> [DATA SHOWN]:
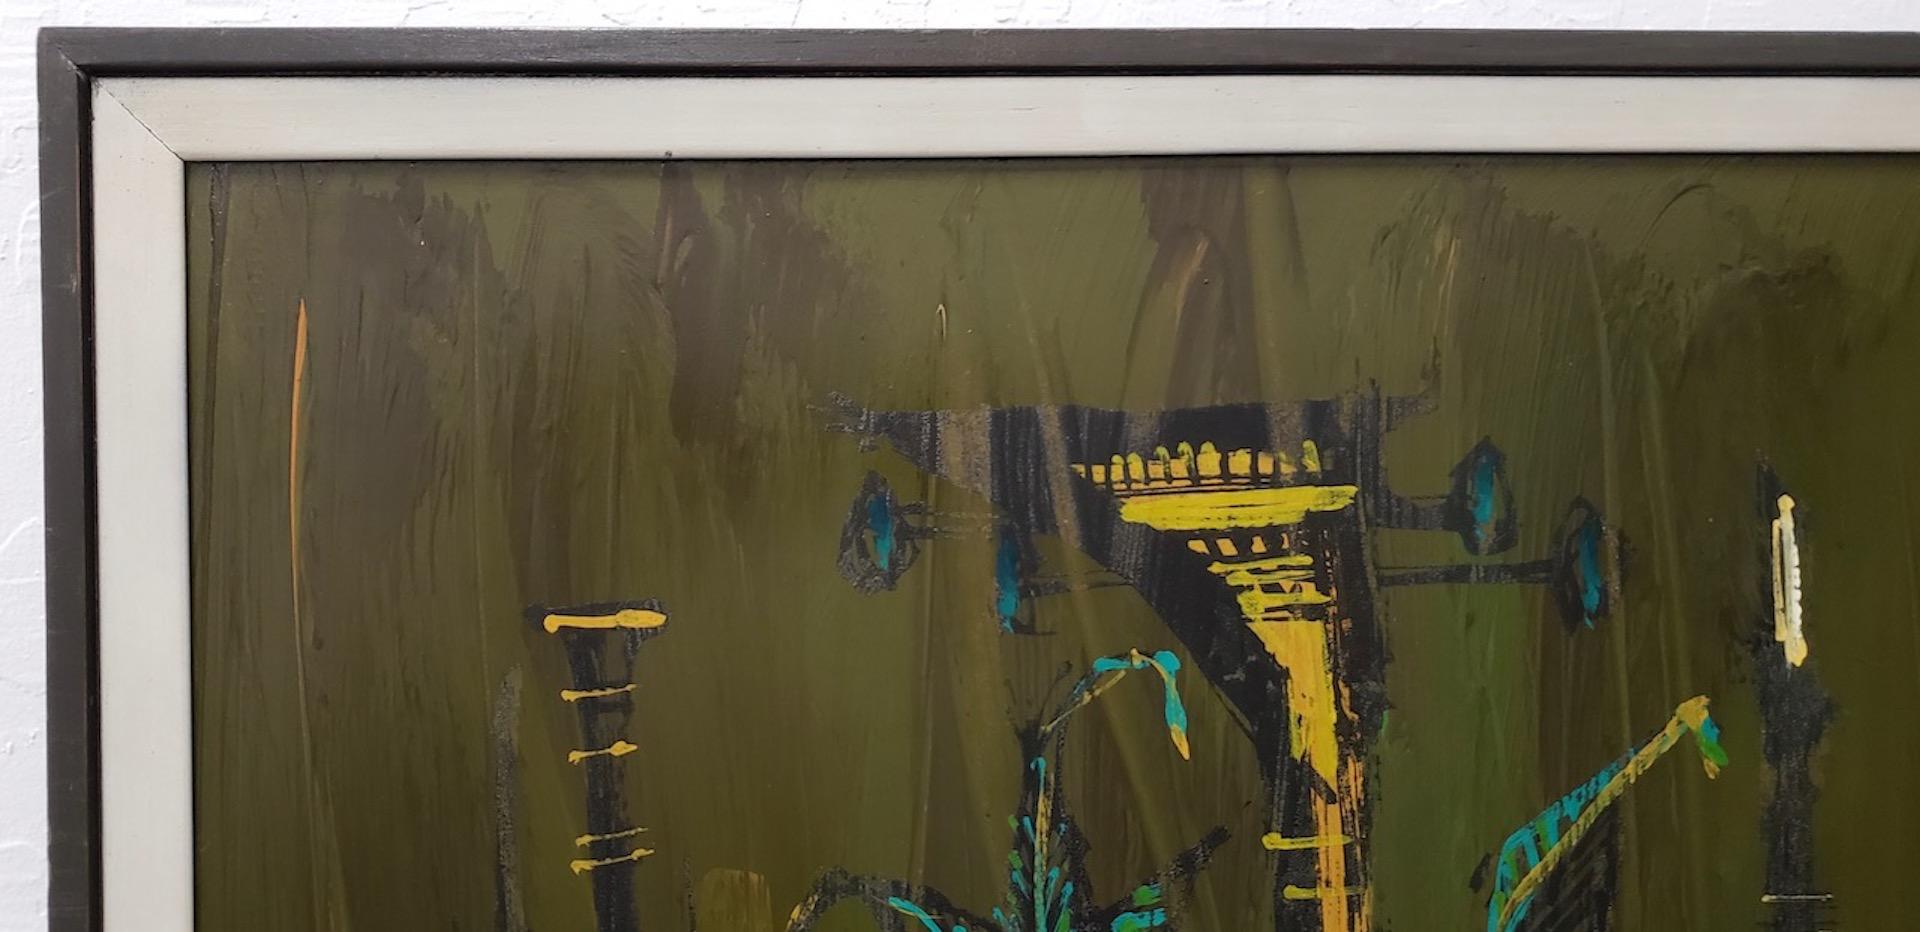 Grande peinture acrylique du milieu du 20ème siècle par Vanguard Studios signée Van Gaard

Peinture acrylique classique des années 1950 à 1960 représentant une guitare sur un fond abstrait coloré.

Les œuvres des Vanguard Studios sont souvent
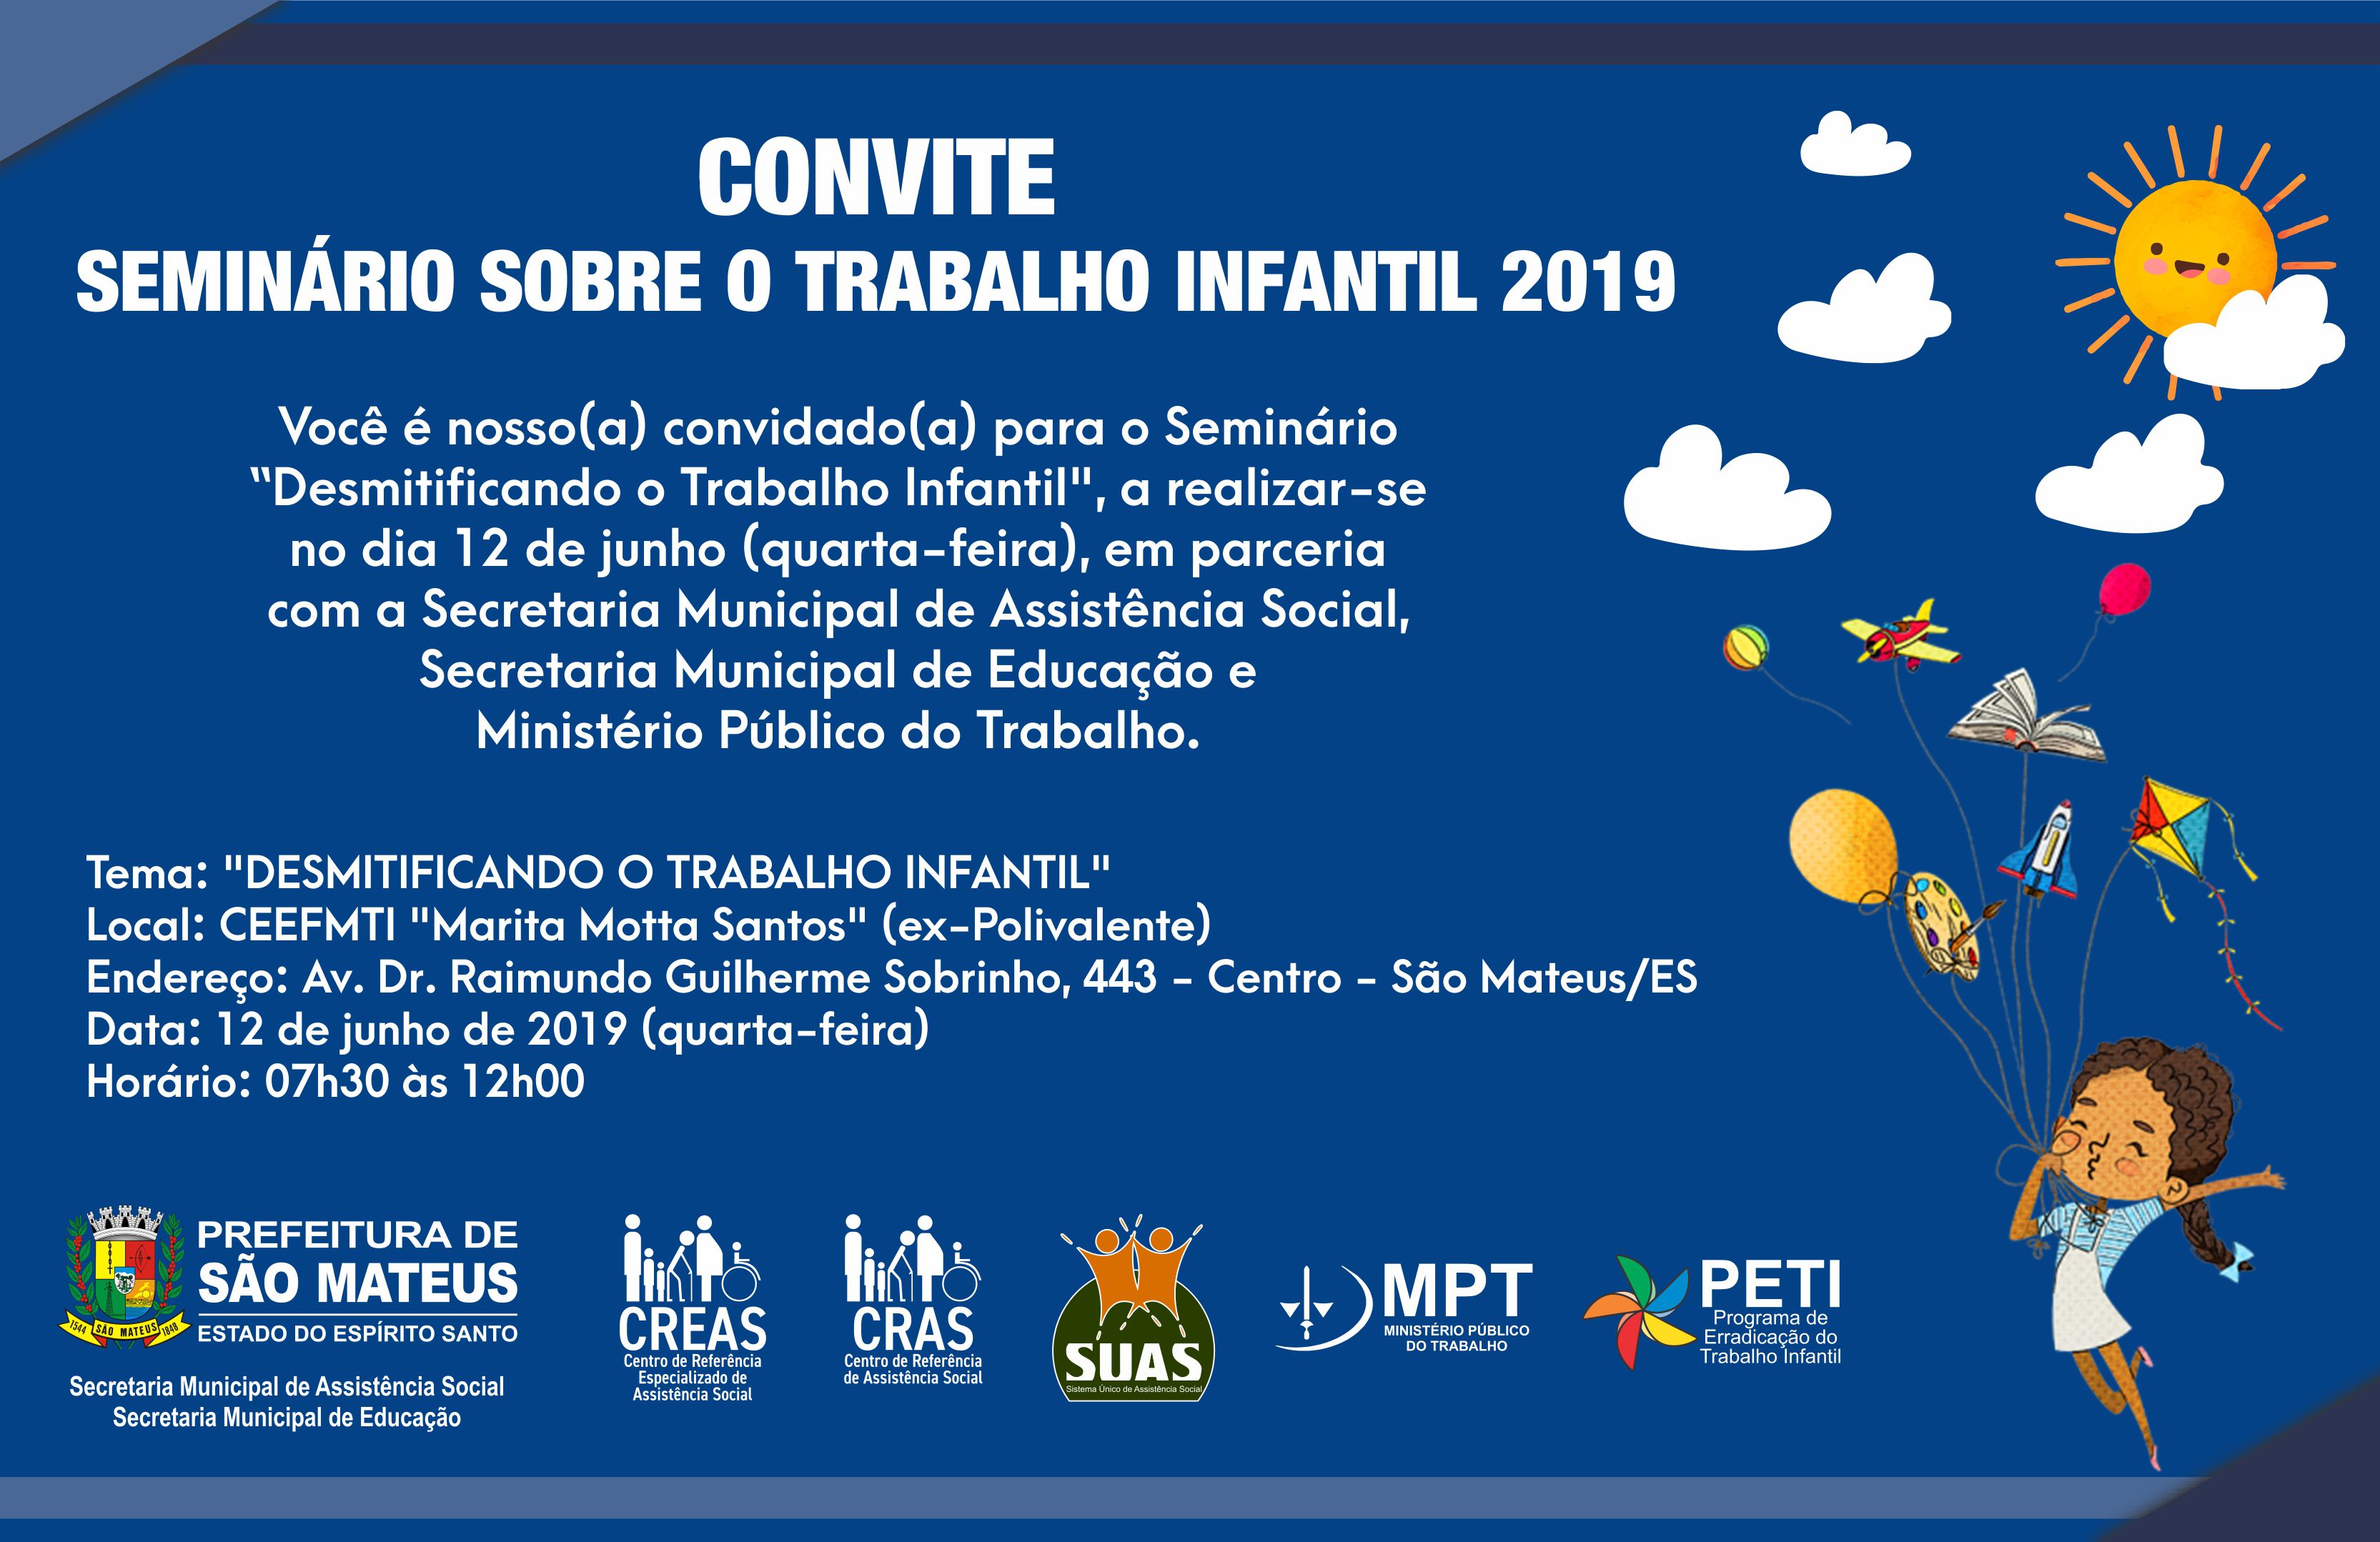 CONVITE - SEMINÁRIO SOBRE O TRABALHO INFANTIL 2019

> [HOW TO COMPLETE THIS TASK]: Copy the data verbatim, skipping any image it holds.

> [RESPONSE]:
 Grande peinture acrylique du milieu du 20ème siècle par Vanguard Studios signée Van Gaard

Peinture acrylique classique des années 1950 à 1960 représentant une guitare sur un fond abstrait coloré.

Les œuvres des Vanguard Studios sont souvent
 CONVITE - SEMINÁRIO SOBRE O TRABALHO INFANTIL 2019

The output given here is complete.